An official disclosure statement gives firms a structured way to demonstrate that AI has been used responsibly and within established parameters.

At a minimum, says Kowalkiewicz, a disclosure should explain why AI was used, what tools were involved, and where in the process they contributed. 

This does not need to be overly technical. A clear description – for example, “AI was used to summarise transcripts and generate initial theme groupings” – is often enough.

“It should also recognise that there are some potential challenges with the use of generative AI in the workflow, and [state] what you have done to address them,” he says.

“You might also give clients an option of saying, ‘Please do not use any generative AI for this.’ This might impact the pricing of the offering, but I’m already seeing [companies] give clients the chance to opt out.”

Internal communication is equally important, he adds.

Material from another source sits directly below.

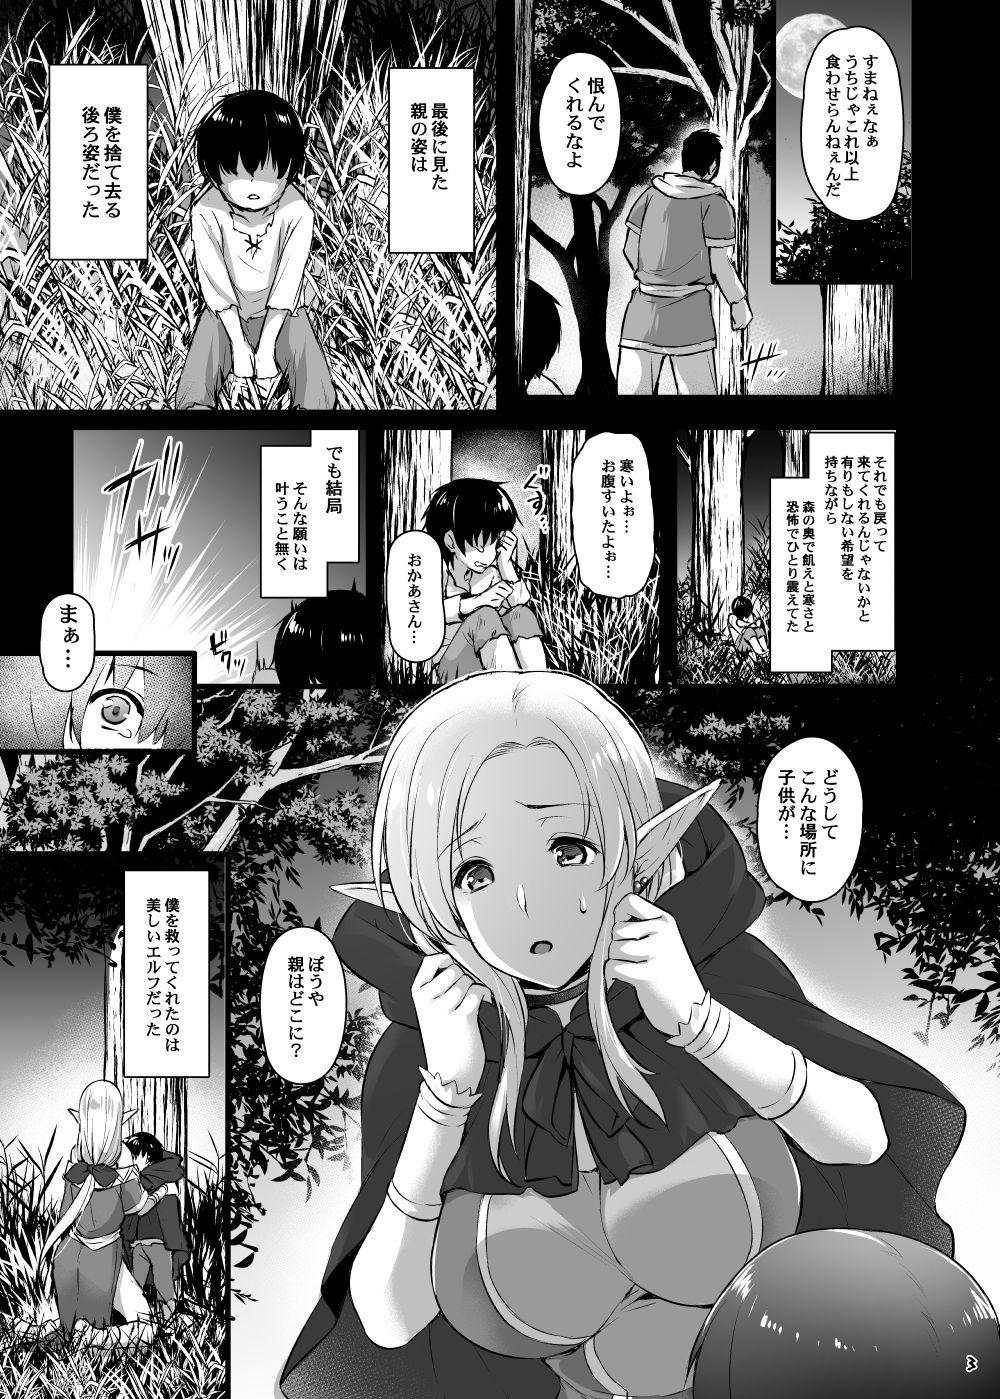 Elf no Okaa-san 1

If employees are unclear about which systems are approved or what data can be used with them, they might turn to unapproved tools or personal devices, creating security and quality risks. 

A clear set of guidelines on permissions, boundaries, and expected review steps will help ensure consistency and alignment with the firm’s disclosure statement.

Applying the ‘Pareto Flip’ to AI use

To minimise risk and strengthen the quality of AI-assisted work, Kowalkiewicz recommends applying the “Pareto Flip” – a practical shift in how time is distributed across a task.

Traditionally, professionals have spent roughly 80% of their time creating content and 20% checking it, he explains. Since the arrival of generative AI, many teams have cut down on creation time, but spend the same amount of time reviewing.

The Pareto Flip proposes maintaining the same time and effort investment, but moving towards 20% creation and 80% curation, recognising that AI speeds up drafting but demands far more time in review.

Curation is far more than proofreading and fact-checking, says Kowalkiewicz. It involves working with AI tools to refine the output by challenging assumptions, uncovering alternative perspectives, testing whether arguments are well supported, and identifying any gaps or contradictions.

“If we spend that time, we actually get to engage with the content much more and have a sparring partner in the form of generative AI,” he says.

“We might end up spending the same amount of time, so there’s seemingly no efficiency gain, but what we get out is much higher quality.”

The approach also encourages teams to bring human judgement to the forefront and to treat AI as a supporting tool rather than a shortcut to a finished deliverable, he says.

This rebalanced approach also reflects a broader shift in how clients perceive value.

“In a world where AI creation is cheap or even free, it’s human curation that becomes priceless,” says Kowalkiewicz.